In our first ‘Collector’s Corner’ of 2023, Boss Hunting has a quick chinwag with Toledano to find out – amongst other things – what the self-described bastardo has been collecting of late; why certain aspects of watch culture really grind his gears; and which mid-engine rally car he’d take into the grimdark days of a hypothetical apocalypse.
Collector’s Corner: Phil Toledano (a.k.a. ‘Mister Enthusiast’) On Obscure Patek And Boxy Cars
Randy Lai: It’s a banal way to start, but we have to ask – how did you get into watches in the first place?
Phil Toledano: I’ve been a vintage car collector for a while now, but have always resisted the cliché of collecting cars and watches. That is, until I sold a car in my collection to somebody who was hugely into watches – we became friends soon after and I now blame him for sucking me down the wormhole.
RL: Over the years, has your taste in collecting changed? Or are you still devotedly – in your own words – a “pathological contrarian”?
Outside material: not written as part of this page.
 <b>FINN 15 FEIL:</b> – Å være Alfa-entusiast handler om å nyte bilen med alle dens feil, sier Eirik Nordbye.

PT: I’ve always stayed a contrarian but my taste has also changed quite substantially in the 8 years that I’ve been collecting. I started off with Lemania; I was (and still am) a huge fan of vintage Breitling; I had a decent [military] watch collection for a while; until finally, I washed up on the shores of pre-Daytona Rolex and 1970s Patek Philippe.
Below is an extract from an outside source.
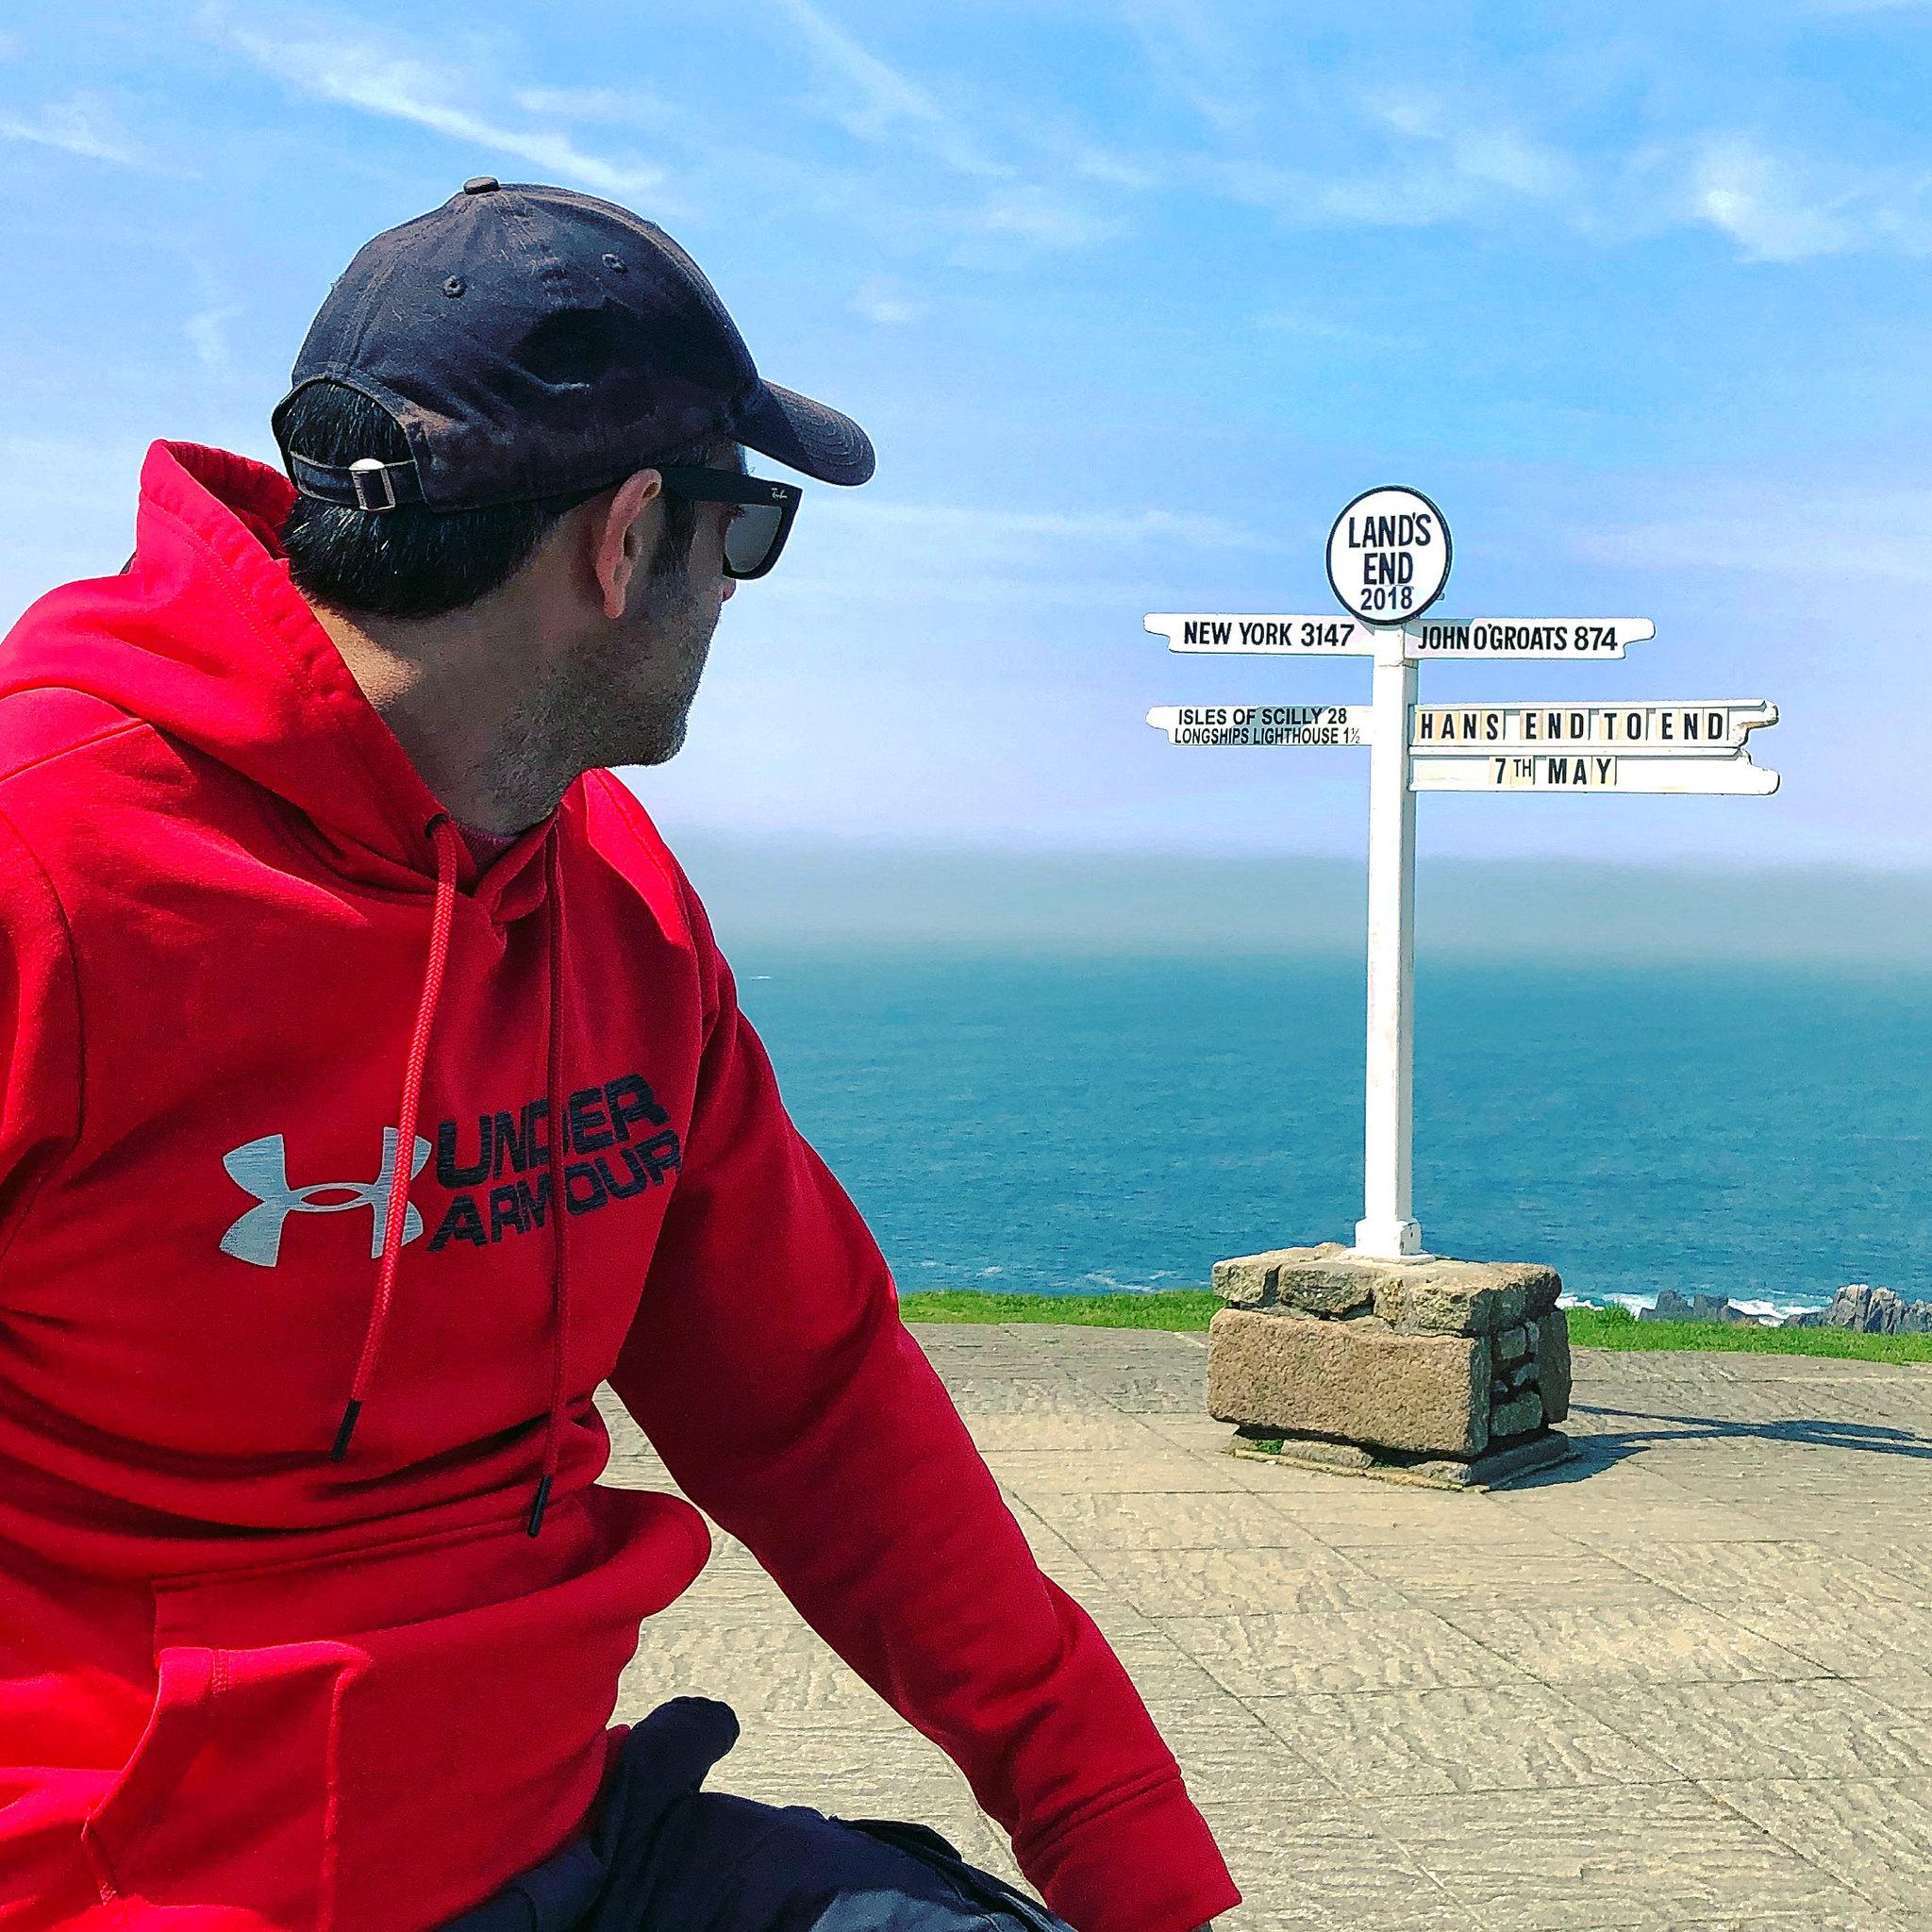 Qué ver en Cornwall, Cornualles - thewotme qué ver en cornwall - 48838140721 0f1f2f3a7a k - Qué ver en Cornwall: ruta de 3 días

RL: All throughout your watch collecting journey, what’s one element of ‘the culture’ you could do with less of?
PT: I suppose…the horological Cold War mentality that is prevalent between certain types of collectors (for whom ‘collecting’ isn’t about weapons-grade nerdery, but rather just another opportunity to showcase one’s bottomless bank account).
RL: What’s one piece of essential advice you’d dispense to younger enthusiasts who are just starting to get into watches?
PT: “Buy who you are, not who everybody else is.”
RL: Like a number of other venerable watch collectors, you’re also a massive ‘car guy’. Is there any overlap in your approach to collecting, say, old Group B cars and oddball mechanical watches?
PT: Certainly! I’m always trying to look wherever few to no other people are. It’s no fun showing up to the horological sausage party wearing the same thing as a dozen other people.
RL: What’s the biggest change watch culture/the broader industry has undergone since you started collecting?
PT: For me, it’s been less than 10 years but – until recently – everything seems to have gotten very speculative.
RL: What is the most egregious example of a watch many other enthusiasts love which you simply can’t get into?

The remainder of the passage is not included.